Hace pocos días, el Tribunal Superior Electoral (TSE) brasileño determinó que la diputada bolsonarista Carla Zambelli no podrá crear nuevas cuentas en las redes sociales hasta nuevo aviso,
bajo pena de multa fijada en 100.000 reales por cuenta detectada, y “sin perjuicio de la práctica del delito de desobediencia y de la investigación del uso indebido de los medios de comunicación”.
Las redes de desinformación pueden tener efectos desastrosos en otros ámbitos. A modo de ejemplo, informaciones erróneas o malintencionadas (fake news) sobre el coronavirus han provocado la muerte de al menos unas 800 personas, y posiblemente más, según demostró un estudio recientemente publicado en el American Journal of Tropical Medicine and Hygiene. El estudio reveló que aproximadamente 800 personas murieron por beber alcohol altamente concentrado con la esperanza de desinfectar sus cuerpos, mientras que 5.900 ciudadanos fueron hospitalizados después de consumir metanol, y 60 personas quedaron ciegas como resultado de la ingesta.
La razón por la que existe preocupación global frente a este fenómeno es que el auge de las noticias falsas ha supuesto un golpe a la calidad de la democracia, debido a la influencia de estas en los procesos de elección de los candidatos y la desinformación que imprimen en la opinión pública respecto a los asuntos públicos.
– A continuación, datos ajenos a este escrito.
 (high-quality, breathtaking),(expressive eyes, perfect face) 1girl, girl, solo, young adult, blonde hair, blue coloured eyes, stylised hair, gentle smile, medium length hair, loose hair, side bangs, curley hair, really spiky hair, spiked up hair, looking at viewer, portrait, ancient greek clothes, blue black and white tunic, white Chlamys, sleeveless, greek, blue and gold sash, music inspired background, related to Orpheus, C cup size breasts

Una opinión pública bien formada, que disfrute de un pensamiento crítico y libre, es beneficiosa para la democracia, ya que dispondrá de una gran variedad de puntos de vista con respecto a los temas a debate en las políticas públicas, de forma que será difícilmente manipulable y maleable. Este grupo se moverá más por argumentos racionales que sentimentales. Por el contrario, una opinión pública desinformada, cuya lógica se base en informaciones falsas y de fuente desconocida, tenderá a ser manejable por quienes dominen una retórica sentimental y reduce drásticamente la libertad de elección.
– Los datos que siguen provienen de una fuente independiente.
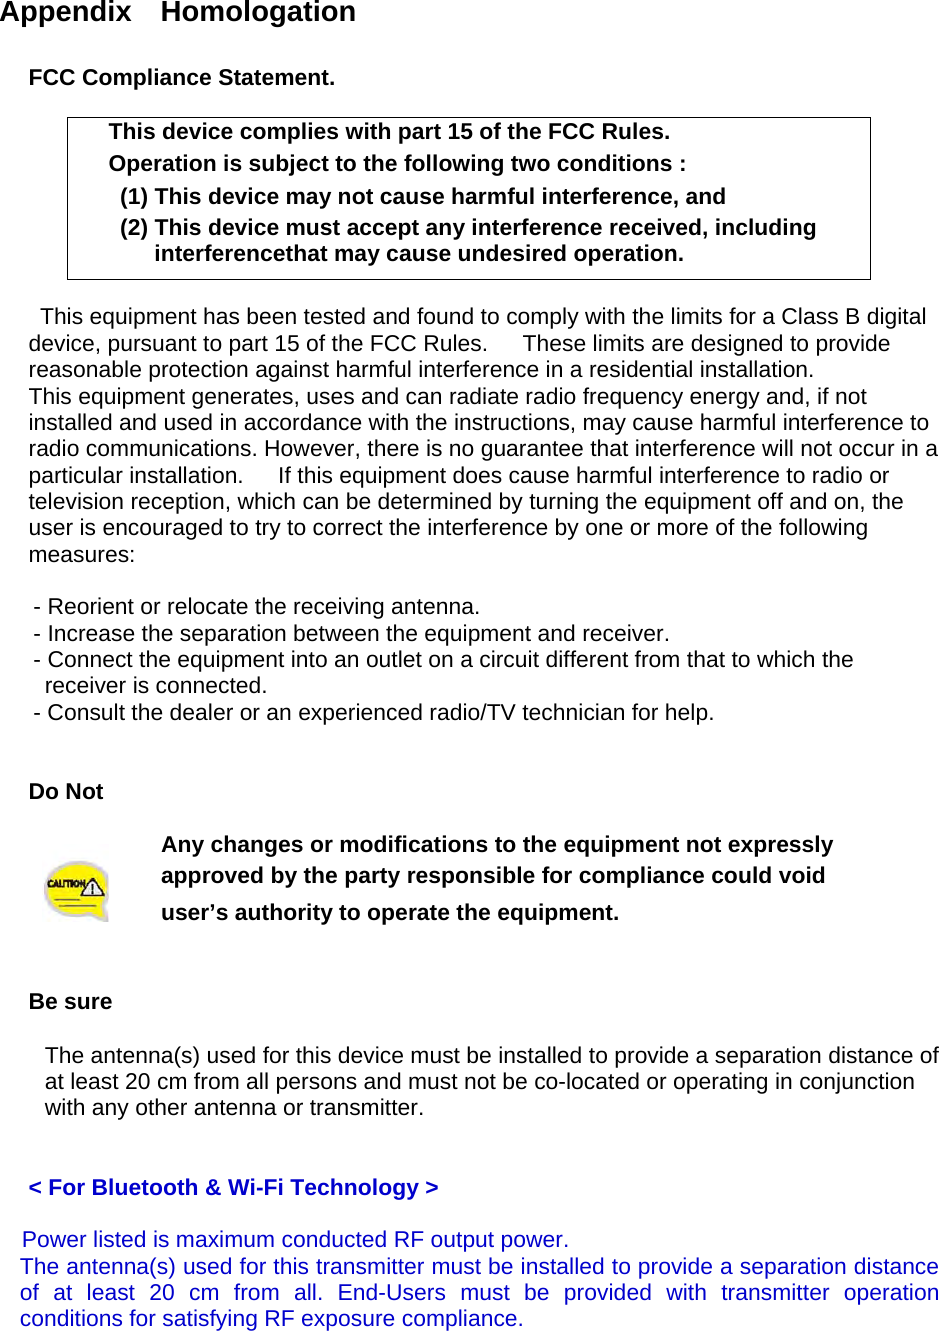  Appendix  Homologation  FCC Compliance Statement.  This device complies with part 15 of the FCC Rules. Operation is subject to the following two conditions :   (1) This device may not cause harmful interference, and   (2) This device must accept any interference received, including interferencethat may cause undesired operation.  This equipment has been tested and found to comply with the limits for a Class B digital device, pursuant to part 15 of the FCC Rules.      These limits are designed to provide reasonable protection against harmful interference in a residential installation. This equipment generates, uses and can radiate radio frequency energy and, if not installed and used in accordance with the instructions, may cause harmful interference to radio communications. However, there is no guarantee that interference will not occur in a particular installation.      If this equipment does cause harmful interference to radio or television reception, which can be determined by turning the equipment off and on, the user is encouraged to try to correct the interference by one or more of the following measures:        - Reorient or relocate the receiving antenna.       - Increase the separation between the equipment and receiver.       - Connect the equipment into an outlet on a circuit different from that to which the receiver is connected.       - Consult the dealer or an experienced radio/TV technician for help.   Do Not   Any changes or modifications to the equipment not expressly   approved by the party responsible for compliance could void user’s authority to operate the equipment.   Be sure  The antenna(s) used for this device must be installed to provide a separation distance of   at least 20 cm from all persons and must not be co-located or operating in conjunction   with any other antenna or transmitter.     &lt; For Bluetooth &amp; Wi-Fi Technology &gt;  Power listed is maximum conducted RF output power.   The antenna(s) used for this transmitter must be installed to provide a separation distance of at least 20 cm from all. End-Users must be provided with transmitter operation conditions for satisfying RF exposure compliance.

La polarización de la opinión pública es otra de las consecuencias de la proliferación de las noticias falsas, unida a la tendencia de las redes sociales en segmentar las noticias atendiendo a criterios de filiación de sus usuarios. “Los usuarios adquieren información que refuerza su narrativa preferida, incluso aunque contenga afirmaciones falsas, e ignoran la información disidente”, afirma Walter Quattrociocchi, investigador y profesor asistente en la Universidad Ca´ Foscari de Venecia. La polarización de la opinión pública tiene consecuencias muy negativas para el debate público también, ya que castiga aquellas posturas que tratan de buscar una opinión más racional y no coinciden con lo que promulgan ambos extremos. Si los dos polos se atacan mutuamente, las personas que defienden argumentos racionales sufren la descalificación de ambos extremos. De esta forma, se desplazan las posturas intermedias del debate por parte de los dos polos, que quedan como únicos puntos de vista referenciales. Esto da lugar a una radicalización del debate público, al fomentar los extremismos en detrimento de posturas racionales que enriquezcan dicho debate.
Finalmente, las noticias falsas pueden llegar a reescribir nuestra memoria, tanto colectiva como individual. Como dice Marc Amorós García: “una noticia falsa compartida y viralizada mil veces hoy, se convierte en verdad mañana”.
Como ya lo puede intuir el lector, el tema no tiene nada de banal y es urgente enfrentarlo con seriedad. En una siguiente columna, nos referiremos al patrón que siguen estas olas de desinformación y a las distintas estrategias que están proponiendo los gobiernos y las propias redes sociales para enfrentarlas.